If a £500m fund has an AMC of 1.75 per cent rather than the industry average for active managed funds of 1.5 per cent, it means the management team are scooping an extra £1.25m a year from the fund.
Managers often argue that these higher fees are essential to drive outperformance as specialist funds become more prevalent in the marketplace.
But Chelsea Financial Services managing director Darius McDermott says the additional cost has to be justified and that 1.75 per cent cannot become the norm.
He says: “There has to be an added level of work somewhere, whether it be research, liquidity or in dealing costs. I am against the principle of 1.75 per cent but I can accept it if the fund performs markedly.
“Neil Woodford runs a traditional UK equity income fund range that is almost unrivalled in terms of performance and he only raised his AMC from 1.25 to 1.5 per cent in the past couple of years. How can anyone who runs a traditional fund charge any more than that?”
Notable funds on the list include the £1.4bn Aberdeen Asia Pacific and £608m Fidelity Moneybuilder global fund which are both in the third quartile over three years.
Dalton Strategic Partnership’s Japan, European and Asia opportunities funds have also underperformed despite AMCs of 2.15 per cent.
Dalton partner Richard Jones says: “We expect all of our funds to outperform in the medium to long term but that is not always the case with active vehicles that operate an unconstrained approach but when they go right they tend to fly.
“With regard to the fee, we charge the excess as we limit the amount that goes into the funds as we would rather run them on an unconstrained approach than have six times the amount of assets in the funds.”
Hargreaves Lansdown investment manager Ben Yearsley holds a number of investments with Dalton and says the charges need be justified. He says: “An argument can be put forward for one-year performance as the difference between top and bottom quartile can be minimal but over three years that is unlikely to be the case. This is where the argument is raised of money being paid back as funds have to justify the fee.”
Bestinvest research analyst Tom White says: “There are some 1.75 per cent AMC funds that we recommend and it is something we look at, alongside manager track record, as a big influence in recommendations. I have been in the industry five or six years and it does seem to be creeping up all the time.”
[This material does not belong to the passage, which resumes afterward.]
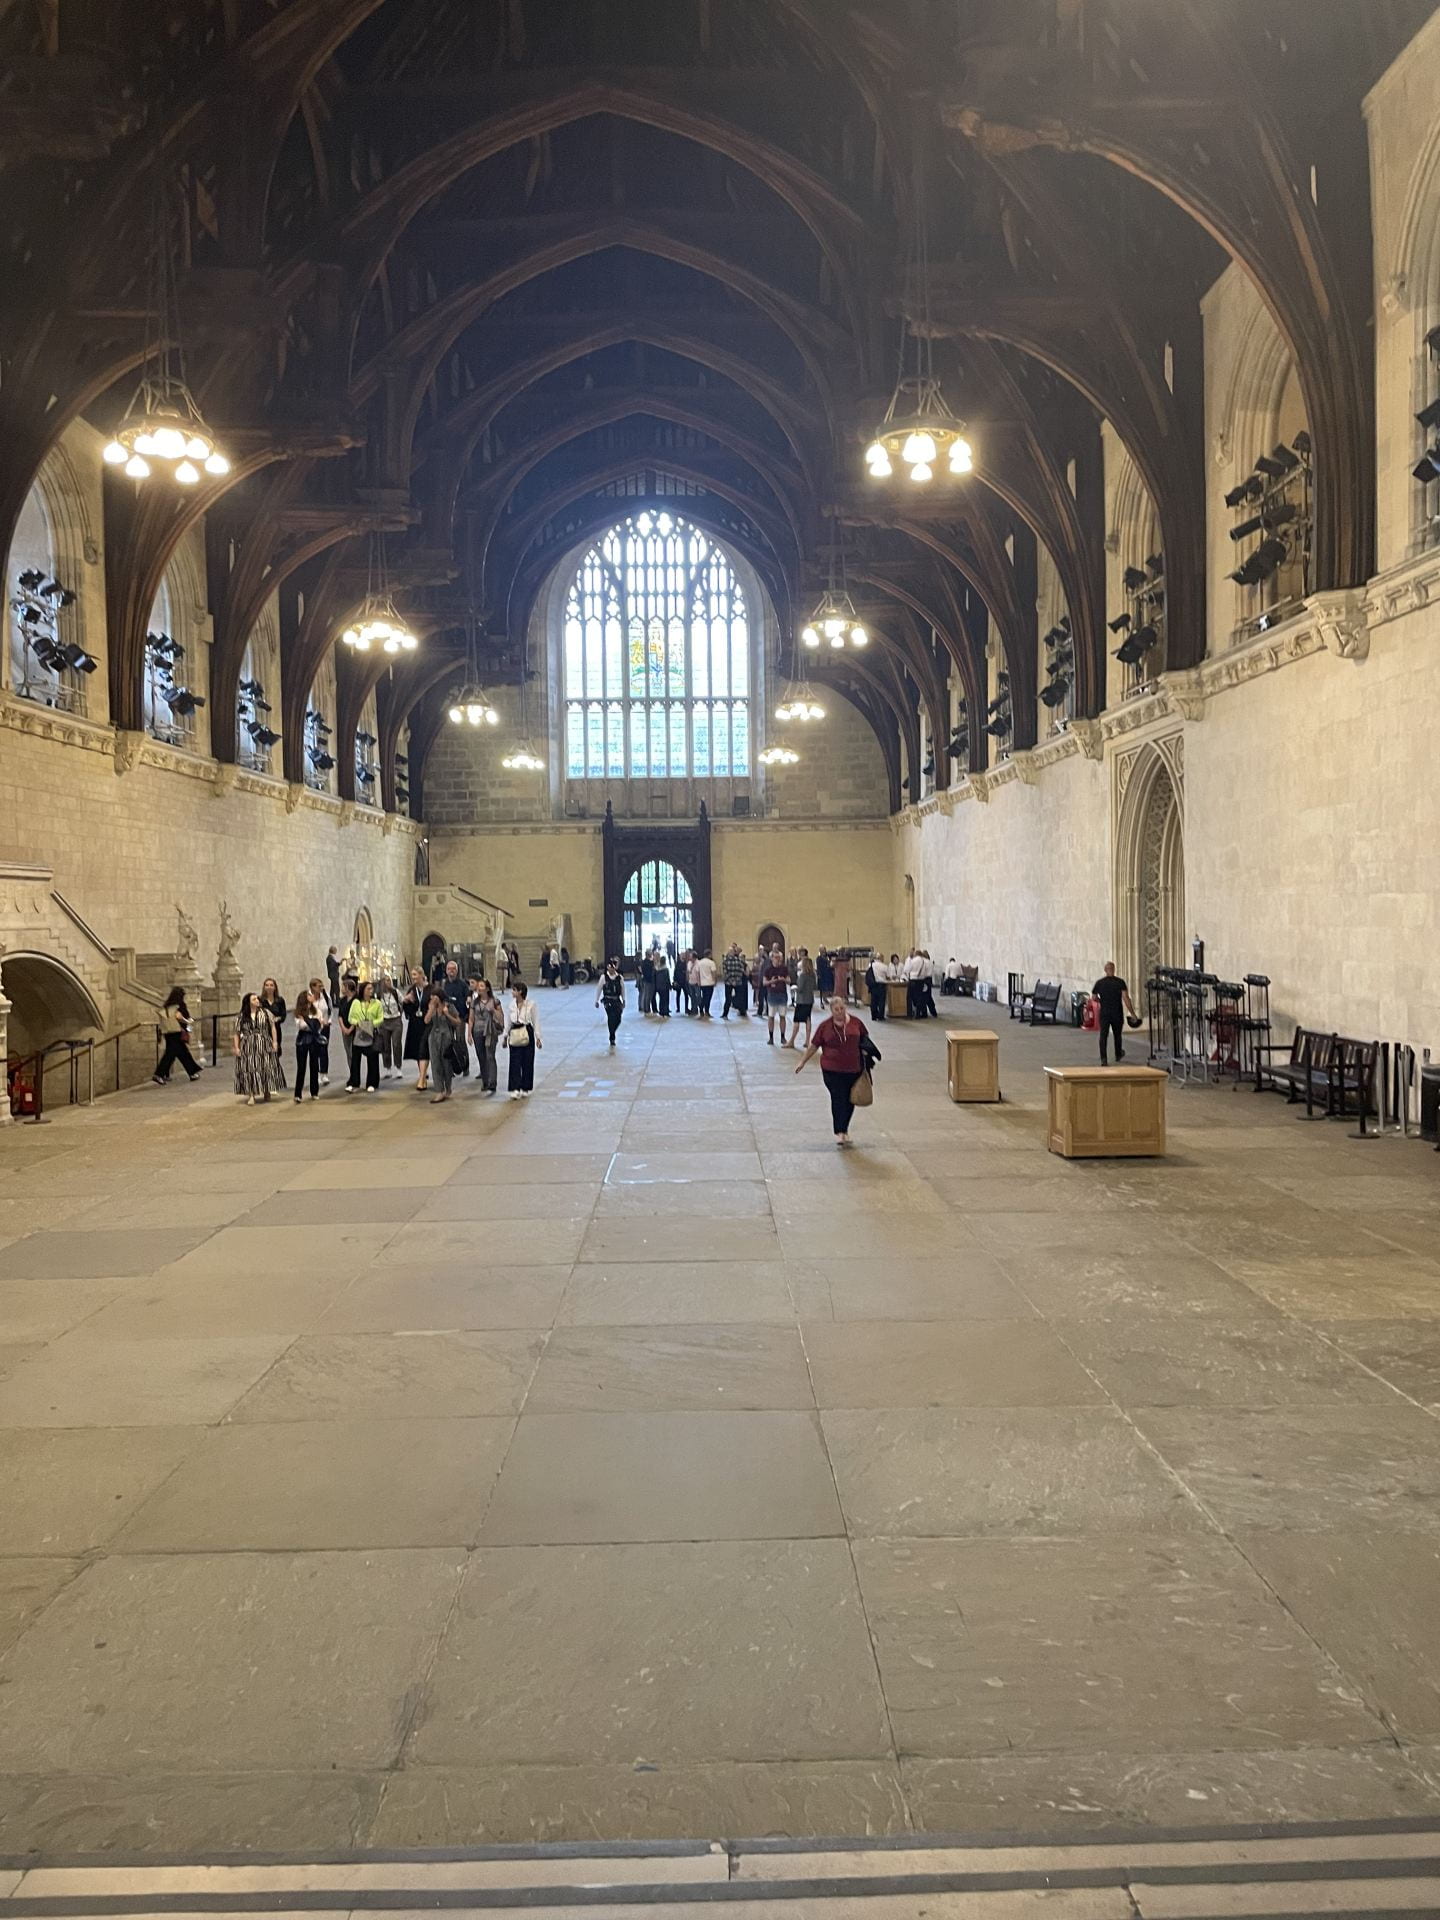 An image of Westminster Hall taken from one end to show the full length of the grand building. It has dark wooden beamed structures in the roof space and the floor is grey composed of many square slate slabs. There are many visitors in the space

Premier Asset Management has two funds – enterprise and European growth – with AMCs of 1.75 per cent and managing director of sales and marketing Simon Weldon says they do need to offer something extra.
He says: “The days where all funds are offered at the same price have passed. The important things to remember are that charges are irrelevant if performance is strong and that, unlike traditional sectors, the difference between funds in specialist markets in short spaces of time can actually be quite marked. But they need something different.”
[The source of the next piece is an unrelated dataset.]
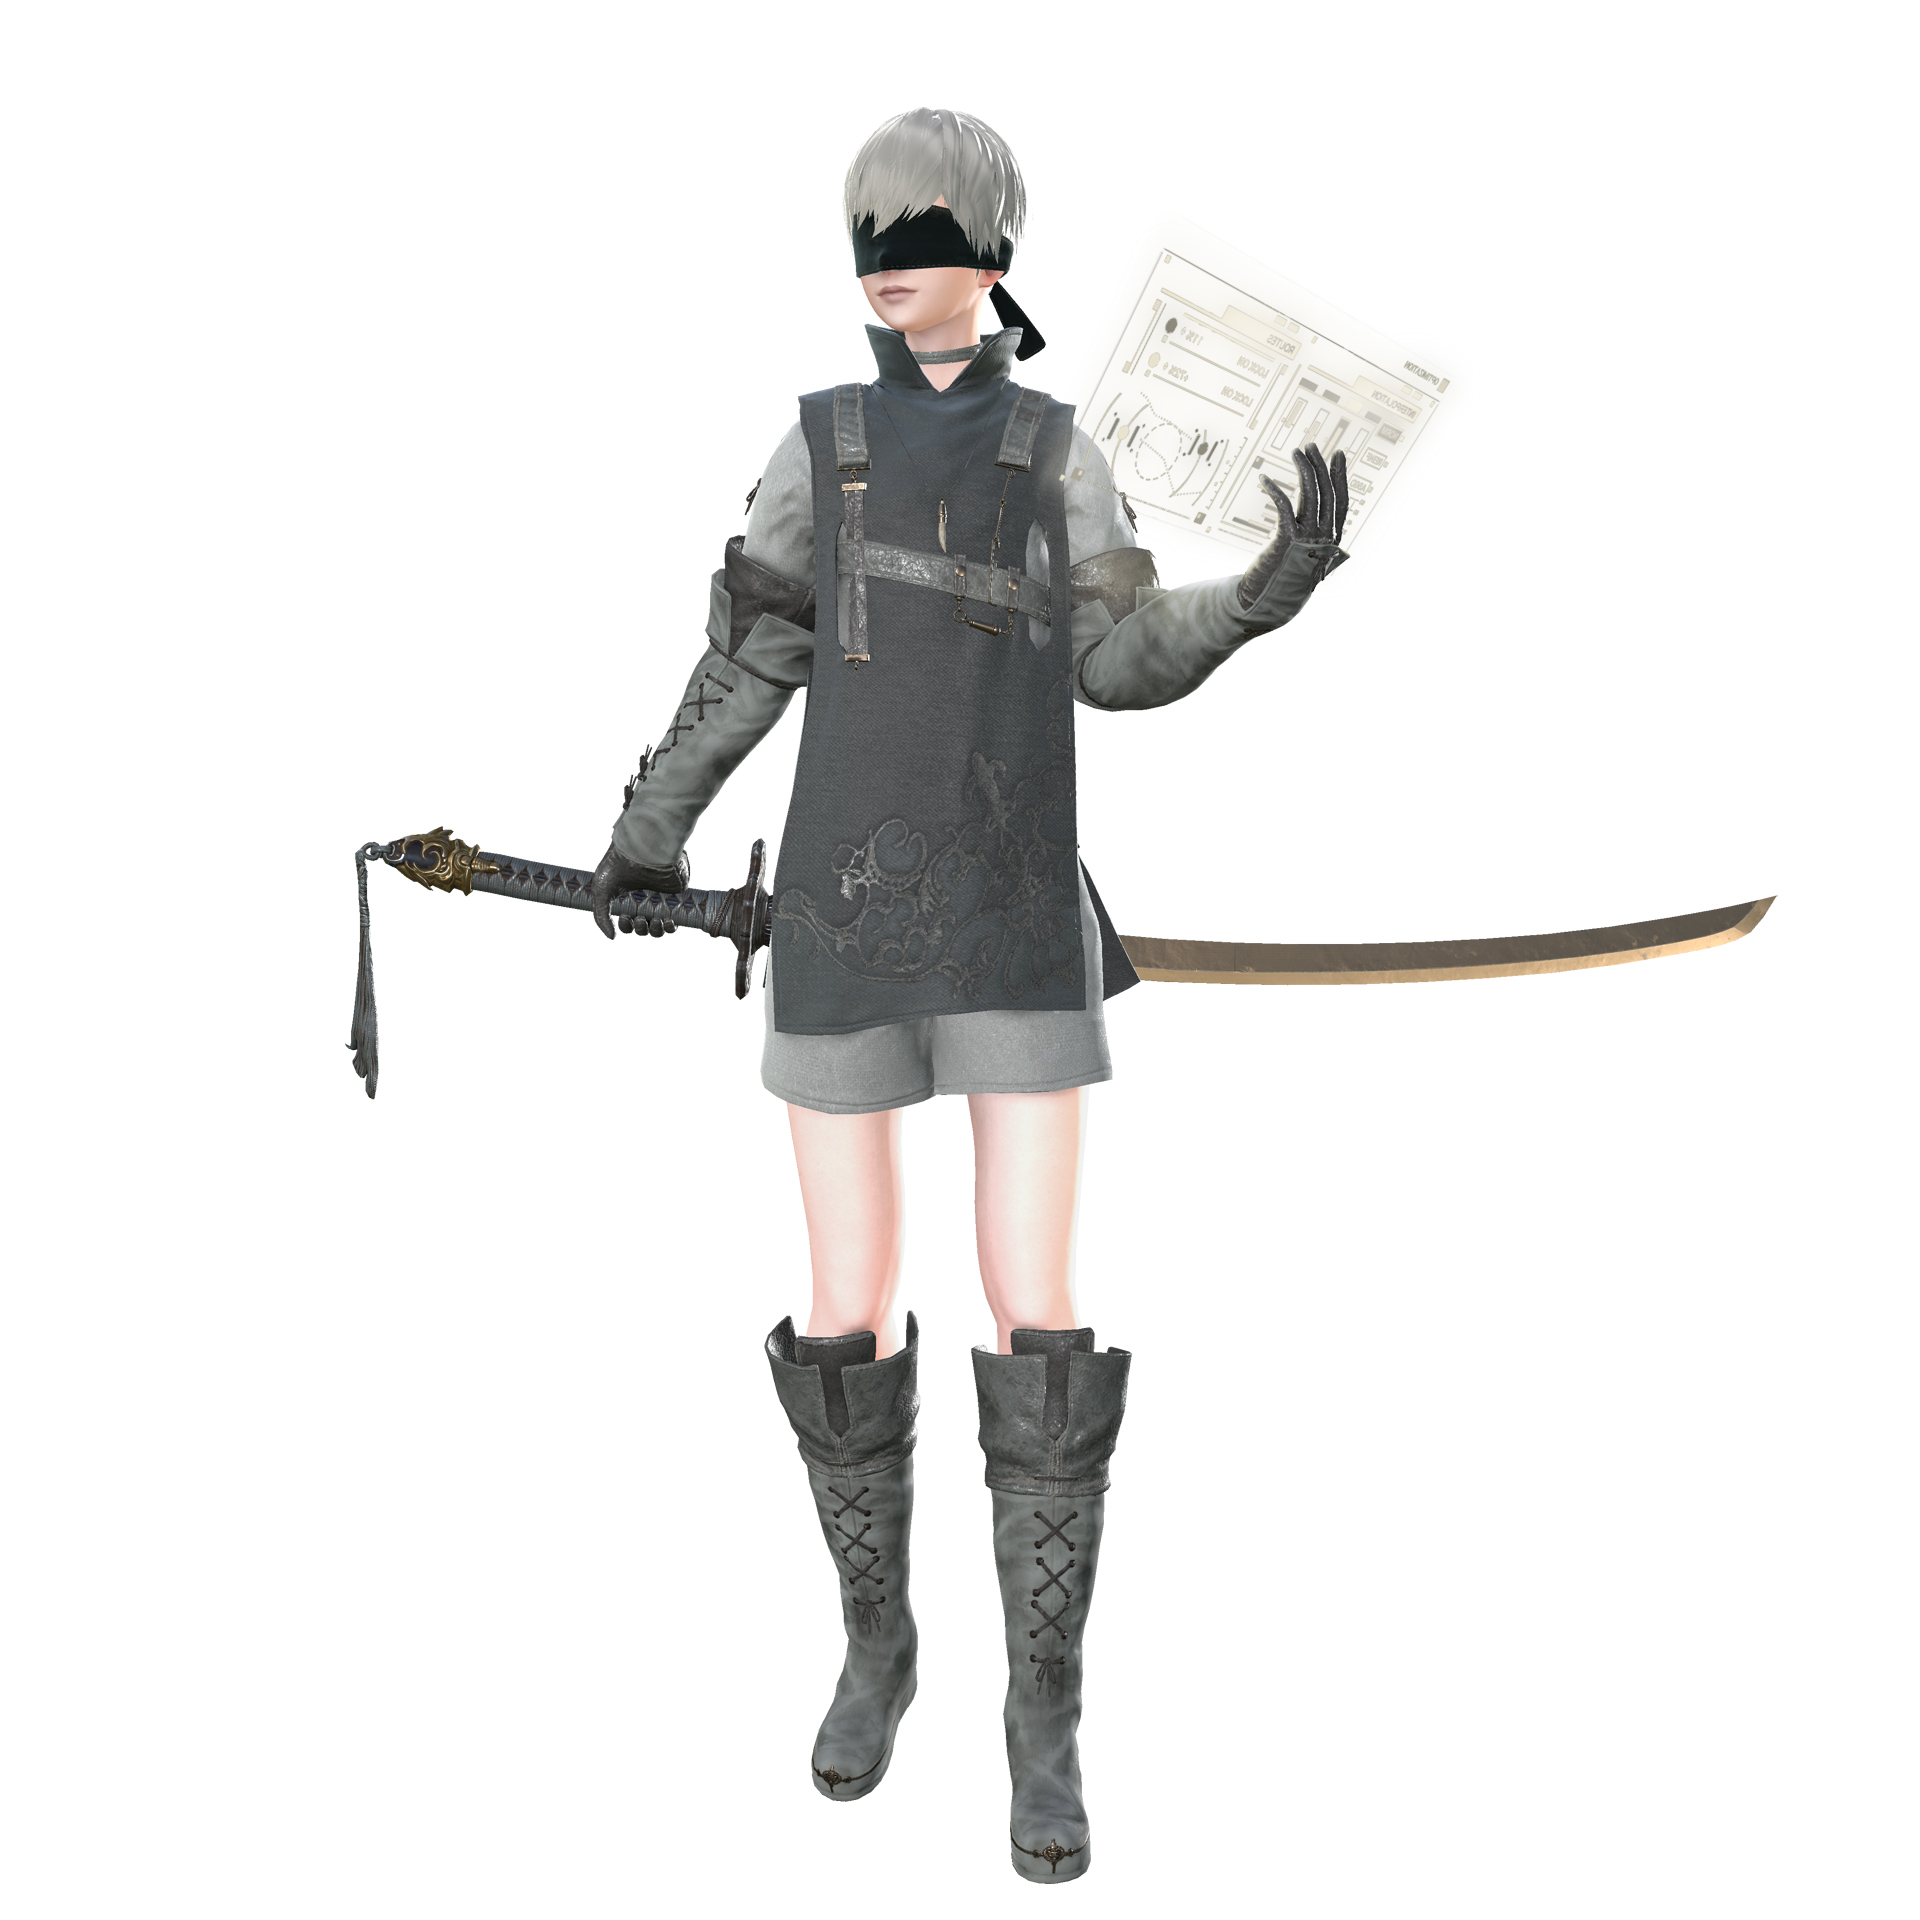 A2 - Destroyer Outfit inspired by Nier.

Two firms that have raised eyebrows recently by elevating their fees are Old Mutual Asset Managers on its UK smaller companies fund and First State on both its Asia Pacific and greater China growth funds.
Yearsley was particularly critical of First State’s decision at the time, saying that as its funds were fairly niche, investors were unlikely to walk away.
London & Capital head of UK distribution Jamie Farquhar says: “It is down to the IFA and the investor as to whether they feel this additional fee is justified. If providers say this is the price for these products and someone feels that is too much, they can steer clear. If they accept and it underperforms, they can vote with their feet.”
Kohn Cougar managing director Roddy Kohn says: “With the growth of specialist offerings, I would like to hope that this move to 1.75 per cent AMC on funds is not an irreversible trend. It is wholly unjustified and the greatest disincentive to advisers as they understand the effects of costs on a portfolio’s return.”